I cut down a couple of smallish sassafras a few months ago (maybe 10" diameter but 40' tall). I only turned one bowl with it. I'm about ready to give it another go.
 
It's hard to beat Cherry. Koa smells great but the smell reminds me of how much money is hitting the floor. If I got free Koa it might feel different. On the other end of the scale is pin oak..... nasty.
 
Which wood do you like the smell of the most? I'm pretty fond of cherry. I have some sassafras but I haven't used it enough to comment on the spicy smell.
Here in eastern North Carolina, we have a lot of sweetgum and I turn a lot of it. I like the smell of sweet gum in both the green and dry state. It is not the easiest wood to work (twist, turn, shrink, cup, bow and crack) but it cuts like butter and has some amazing figures.
 
Here around Laredo, the "monte", or wilderness, turns white with the blooms of Blackbrush, Acacia or Vachellia ridigula. It grows very slowly because we don't get a whole lot of rain. But the wood, especially the bark, when you get it into a glowing ember, is the sweetest incense kind of smell I know. Asher, you made me laugh in mentioning mesquite. If you go to south Laredo on Sunday, the neighborhoods are thick with mesquite fire smoke of barbecues, almost like the whole area is on fire.
 
I know it might sound strange but my favorite wood smell is Ash. I cut down a huge Arizona Ash a couple of years ago and processed the whole thing. My first time taking a tree to turned items. Now, every time I turn Ash it reminds me of that first experience.
 
I know it might sound strange but my favorite wood smell is Ash. I cut down a huge Arizona Ash a couple of years ago and processed the whole thing. My first time taking a tree to turned items. Now, every time I turn Ash it reminds me of that first experience.

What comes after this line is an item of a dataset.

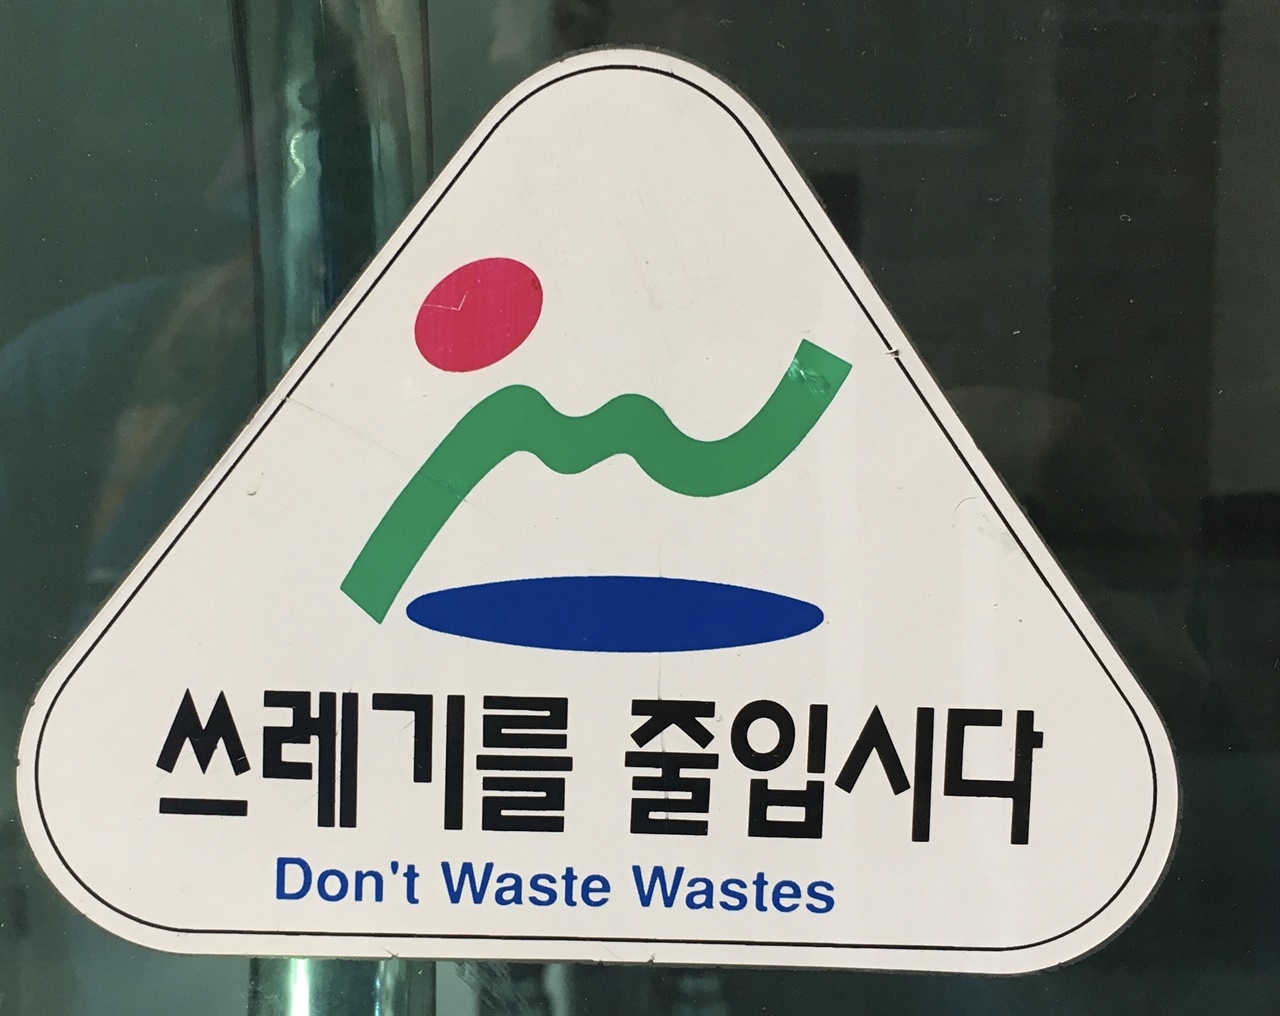 꽤 유명한 콩글리시 사례다. '쓰레기(들)를 낭비하면 안 된다'는 이상한 말이 어떻게 "쓰레기를 줄입시다"란 말로 변하는 건지 알 수가 없다.

Well I had to look that up Arizona Ash: seems like there is some competition between the ash of Texas and the ash of Arizona! Up here in Ithaca we're drowning in dead ash from the borers and the fungi, so much that you can't take a walk in the woods without hearing an ash topple over. I split some of it for fast-burning firewood, good for starting a quick fire so you can switch over to oak or hickory in the stove.

I have turned handles of ash, all very dry from being in the shop, where I keep it between 35% and 50% humidity. I never noticed any distinctive aroma, but I understand the associative power of first experiences and aromas. That tree stump probably smelled pretty good when the tree hit the ground without taking out any buildings or yer pickup.